Population (2014) — c. 2,191.

Source: Wikipedia

Data Collection

The small scale of the village made it quite easy to capture data and conduct the experiment in a relatively short amount of time.

A slightly overcast day was selected for photo shooting in order to have neutral lighting on the entire street and urban infrastructure.

I went around the village, taking a particular route that covered the majority of streets and took photos of building façades, streetscapes and rural regions. Here are some of the pictures I took:

The Experiment

As a proof-of-concept, I took the first 100 captured images into consideration. These were placed into a data directory and labelled as imgN.jpg, where N = [0, 100), ie: 0 ≤ N < 100.

Every image was batch (one after the other) imported into a dynamic list (ArrayList object) and the average colour of every image was found and placed into another list.

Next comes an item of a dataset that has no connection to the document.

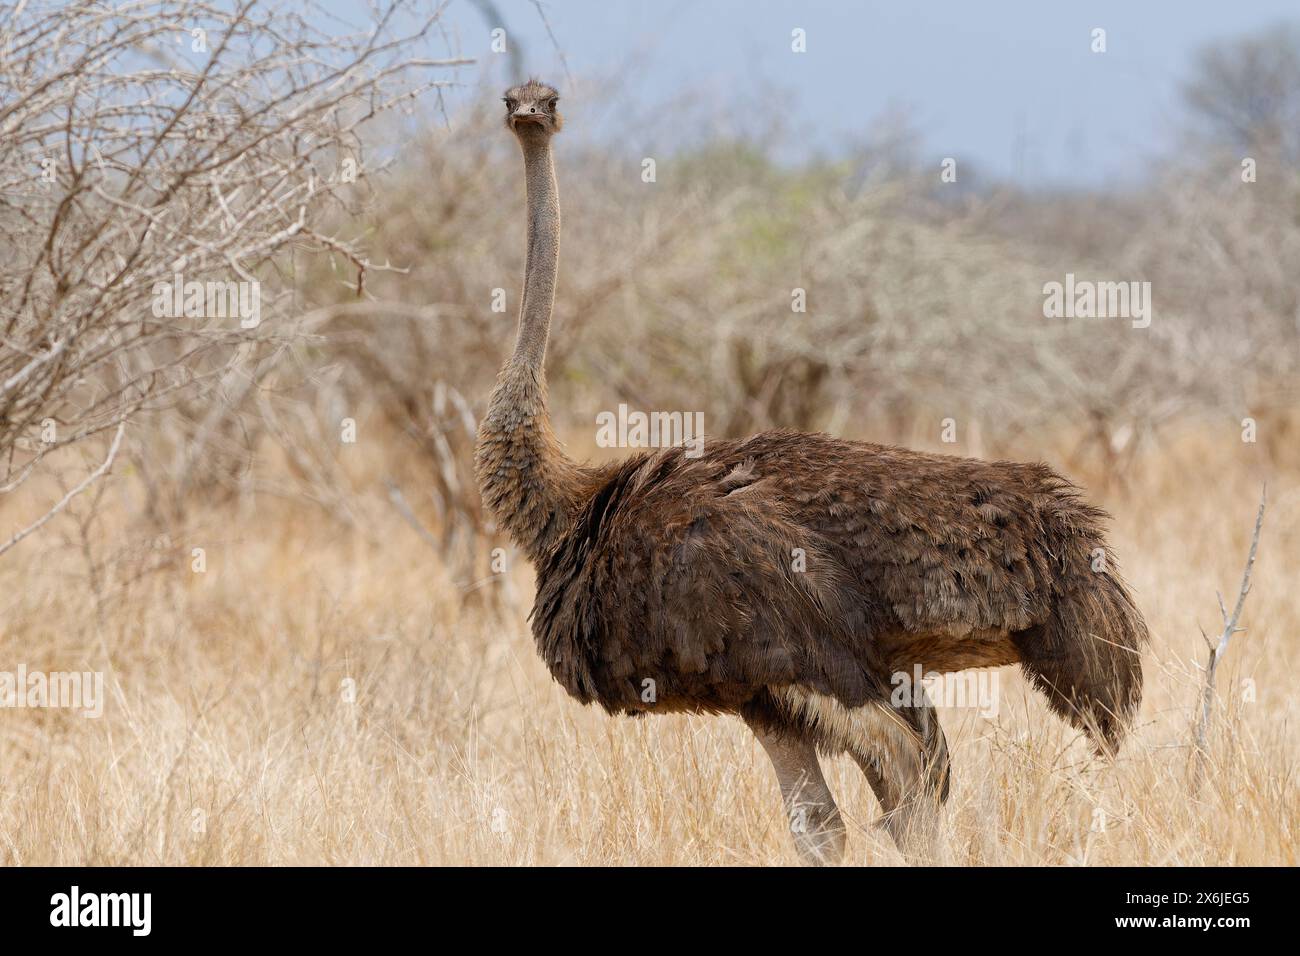 South African ostrich (Struthio camelus australis), adult female standing in dry grassland, eye contact, animal portrait, Kruger NP, South Africa, Stock Photo
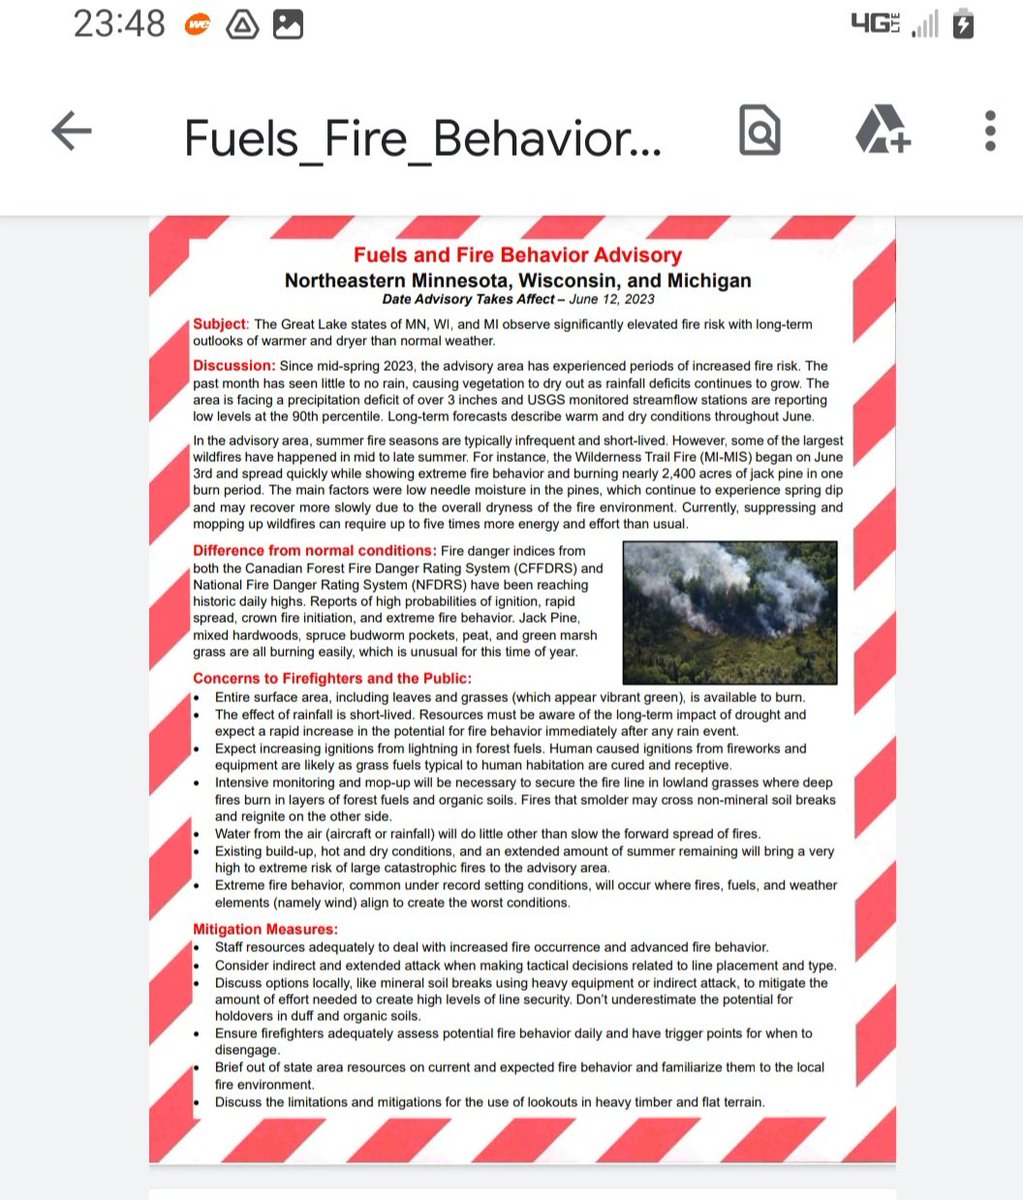 A Fuels and Fire Behavior Advisory for Northeastern Minnesota, Wisconsin and Michigan – effective June 12, 2023, has been released due to the significantly elevated fire risk with long-term outlooks of warmer and dyer than normal weather forecast. https://t.co/NSNN4dsAXm

So now we have a list of 100 colours, each significantly representative of particular areas and structures in the village. In order to find the overall average colour of these signifying colours, I decided to produce a mosaic equally featuring every colour and subsequently processing this mosiac through the same average colour finding algorithm.

The dimensions of the mosaic grid and each cell size were calculated as so:

int numberOfImages = averageColorList.size();
int roundedGridNum = ceil(sqrt(numberOfImages));
int ts = SZ/roundedGridNum; //tileSize, where const SZ = 800

Where, the square root of the list is found to the nearest upper rounded number to give the grid dimensions. In this case, with a 100 images, the result was a precise 10 (no need for rounding). Hence, a 10 * 10 grid was produced with each square cell dimension of SZ/roundedGridNum = 800/10 = 80px.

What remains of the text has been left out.